One of the published dispatches, allegedly sent in March 2009 by former US Ambassador Anne Derse, lists 12 Iranians who allegedly have wide business interests in Azerbaijan as well as links to Iran’s political elite. The dispatch names them as suspected of laundering large amounts of money in Azerbaijan and violating international sanctions against Iran. 
The dispatch mentions one Iranian bank, Bank Melli, and some large Azerbaijani banks -- Bank of Baku, Xalq Bank and Royal Bank – as involved in the illicit activities. Azerbaijani Transportation Minister Ziya Mammadov, Education Minister Misir Mardanov and the chief of the president’s security service, Vagif Akhundov, are also listed as possibly cooperating with the Iranians in question.
So far, only the Bank of Baku has denied the allegations. “The Bank of Baku has nothing to do with illegal money transfers,” it declared in a November 30 statement. “All bank clients’ operations are executed in strict correspondence with Azerbaijani legislation.”
The Bank goes on to state that one of the named Iranians, Adil Sharabiani, is not a client; a second, Jamsheed "Jushkar" Mahmudoglu, is not a shareholder.
The Bank of Baku confirms, though, that the ethnic Iranian Oromi family named in the dispatch is a bank founder, and a shareholder via the Turkish holding Nab Dis Ticaret.

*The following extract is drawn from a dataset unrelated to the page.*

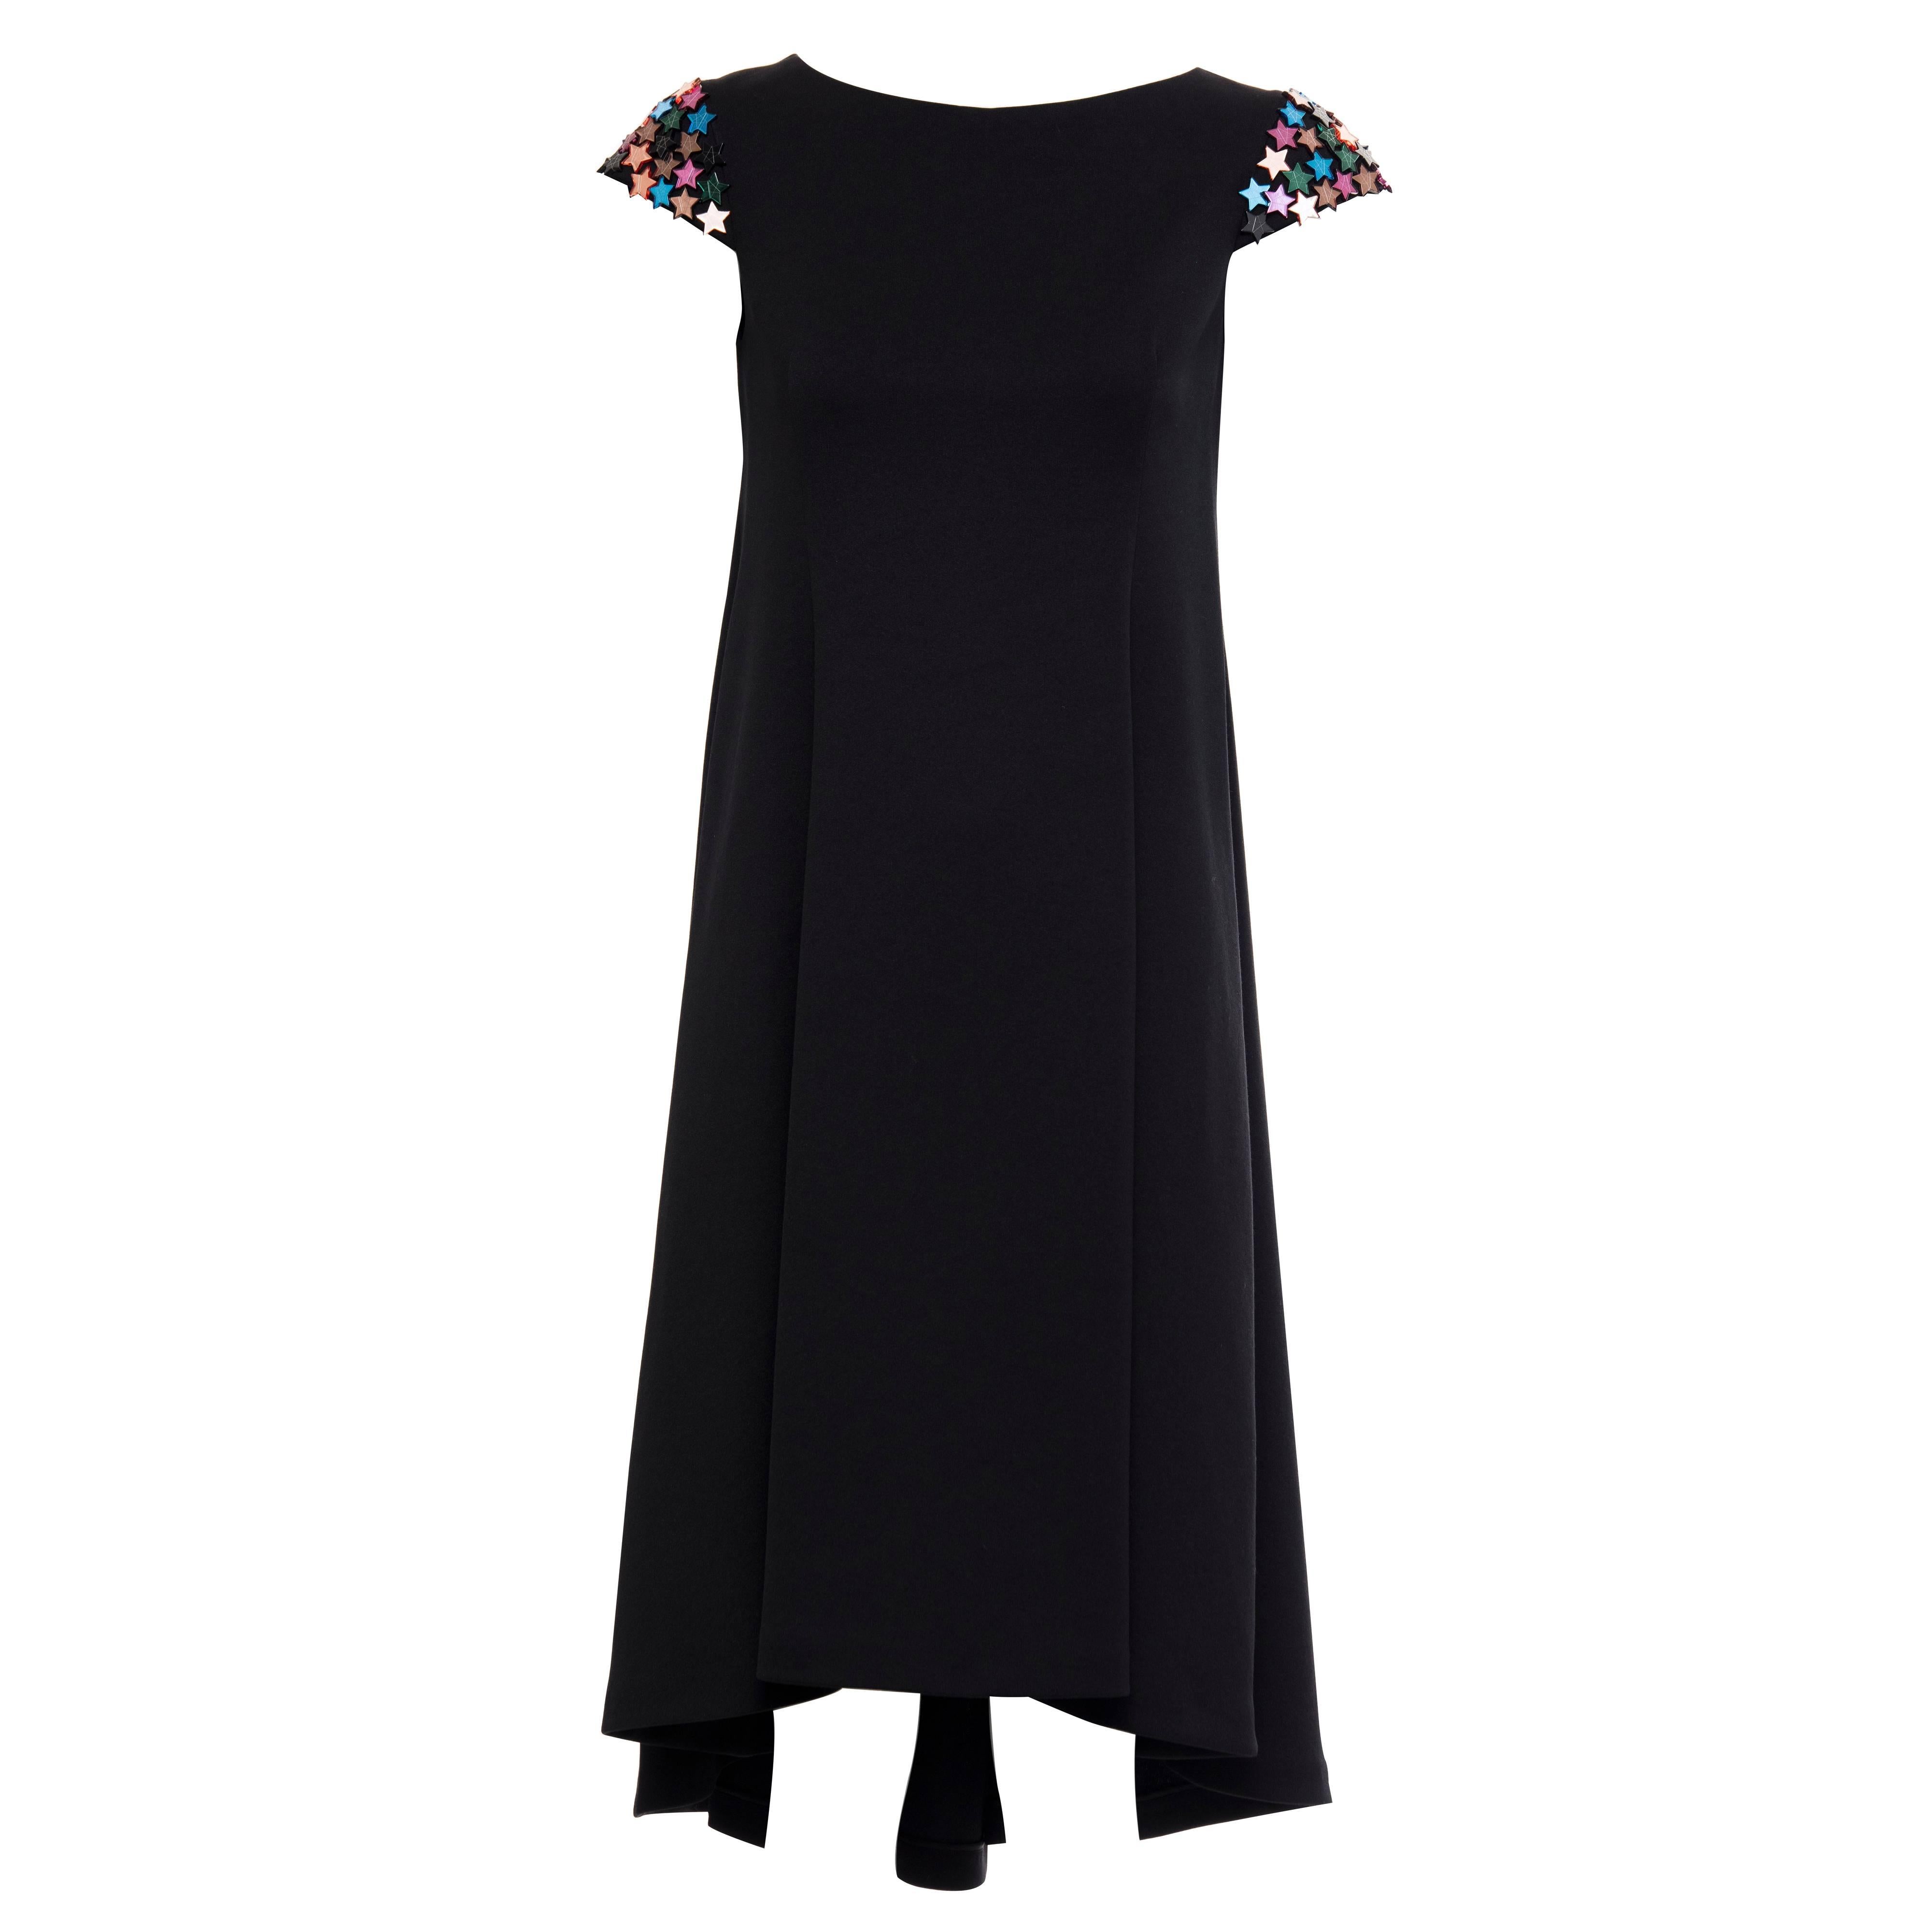 Yves Saint Laurent Black A - Line Dress With Mirrored Stars At Sleeve For Sale

A senior manager at one of the largest Azerbaijani commercial banks who did not want to be named told EurasiaNet.org that the Central Bank of Azerbaijan (CBA) actually tightly monitors any possible financial operations involving Iranian money laundering. “As early as this summer, the CBA unofficially banned commercial banks from opening accounts and providing services for Iranian nationals,” the source said.
The Central Bank of Azerbaijan declined to comment.
Meanwhile, pro-opposition Azerbaijani media outlets continue to focus attention on one of the most scandalous WikiLeaks dispatches – a February 2010 cable that repeats President Aliyev’s alleged opinions about Ankara’s “unconstructive” position on gas cooperation with Azerbaijan, the “failures” of Turkish foreign policy in the Middle East, Iran’s “provocations” against Azerbaijan, and the “feelings of strong confrontation” between Russian President Dmitry Medvedev and Prime Minister Vladimir Putin.
The cable on December 2 disappeared from the WikiLeaks’ Cable Viewer site. No explanation was provided for the removal.
In its November 30 statement, the presidential press office commented that the “jargon, sharp and emotional comments published by [WikiLeaks] are absent from the President’s vocabulary.”
Commenting on the alleged cable, experts differed in their assessment of what influence the information could have on Azerbaijani foreign policy.
Eldar Namazov, who worked in the 1990s as a senior foreign policy aide to the late president Heydar Aliyev, said he did not find anything new or surprising in the information. “I do not know what else WikiLeaks promised to disclose, but for now I do not see any sensation,” Namazov said. “These materials will have zero impact on Azerbaijan’s relations with other countries.”
The information could have its most serious impact on Washington’s relations with Azerbaijan and other countries in the region, believes Atlas’ Shahinoglu. “From now on, leaders of all countries will be very careful in their wording, even at closed meetings with US officials, which, of course, will make it difficult getting objective information,” said Shahinoglu.